Despite the overriding ambience of a race run underwater, the competition also offered a real sense of drama on both Friday and Saturday, as the lead seesawed back and forth among different teams. A crowd of several thousand cheered each time one of the robots completed a task or groaned in sympathy when a machine failed or tumbled.

The event was inspired by the challenge posed by the nuclear disaster in 2011 at the Fukushima Daiichi power plant complex in Japan, where workers were forced to flee before completely shutting it down after an earthquake and tsunami.

Pratt has argued that if remotely operated robots had been available after the quake, the nuclear plant meltdowns would have been avoidable.

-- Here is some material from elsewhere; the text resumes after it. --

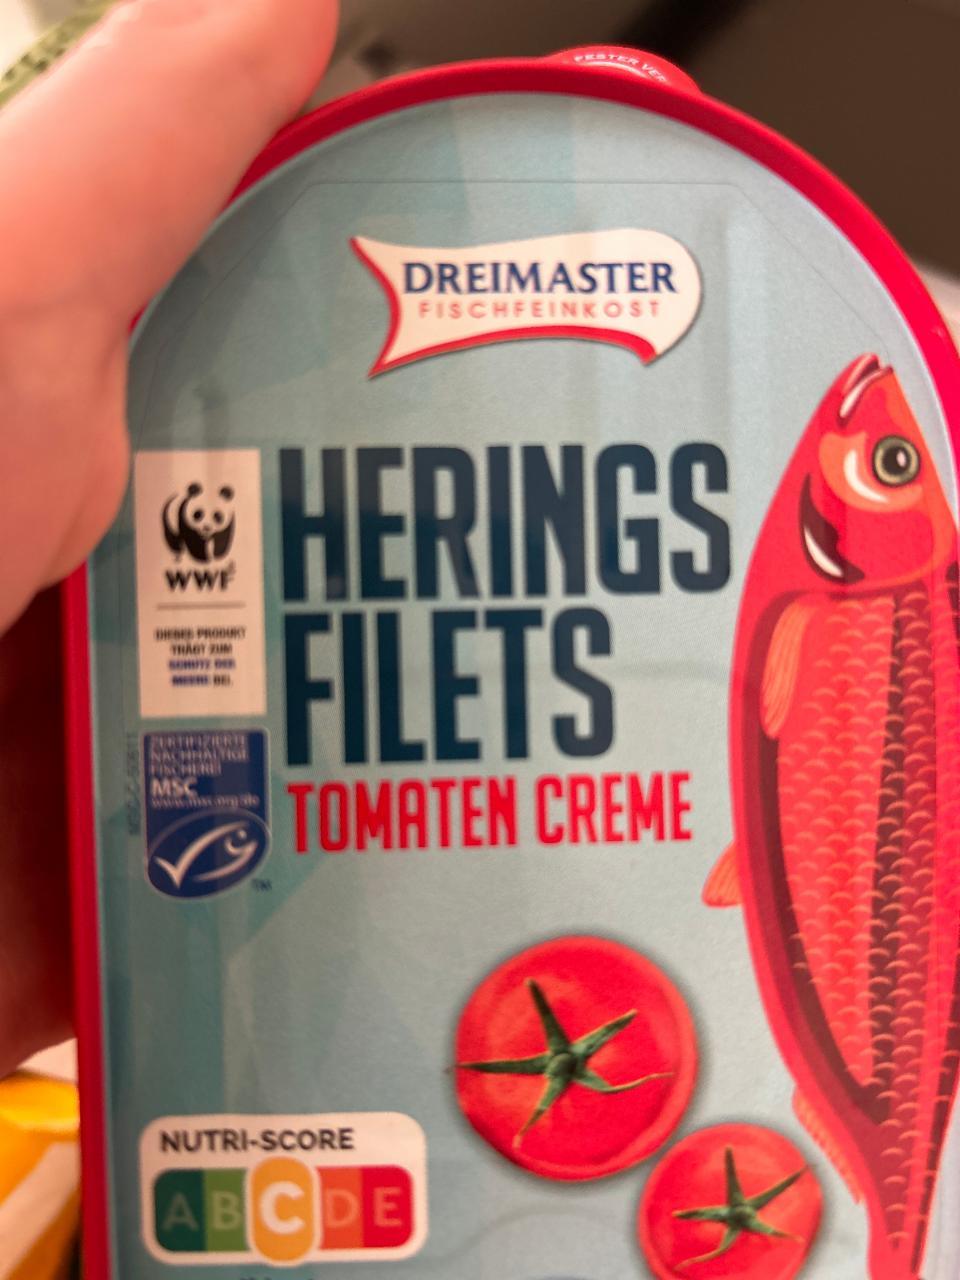 Фото - Herings Filets tomaten-creme Dreimaster

"During the first day or two, things could have been different; the disaster could have been mitigated," he said. "If only there had been some way to go in there despite the power being off and operate some of the emergency equipment they had."

At the trials, held at the Homestead International Speedway in December 2013, Schaft, a Japanese robotics company that had been acquired by Google, dominated the competition. The Japanese team, which had spun off from the University of Tokyo to circumvent restrictions on military research, successfully completed all of the tasks they tried.

But after their success, Google decided to withdraw the team from competition. During the finals, the Schaft technology contributed to a redesign of seven bipedal Atlas robots that were supplied to teams in the contest by Boston Dynamics, another company Google acquired.

After Team Schaft's departure, the Japanese government intervened and arranged funding from the education ministry. As a result, five Japanese teams entered the contest this year, along with teams from the United States, China, Hong Kong, Germany, South Korea and Italy.

While there was relatively modest progress toward completely autonomous and mobile robots at the event, Darpa increased its emphasis this year on the idea of human-robot collaboration as a way to complete tasks that neither humans nor machines could perform separately.

It was also clear at the event that like the Japanese, Americans appear to have a growing affinity for robots. The contest was accompanied by an extensive exhibition in which dozens of companies, national laboratories and universities demonstrated robots to an appreciative crowd that included many children.

"People name their cars - it's a human trait to build relationships with the things around you," said Rich Mahoney, director of the robotics program at SRI International. "The more those things are like you and are animated and they move, the more we can build relationships with machines."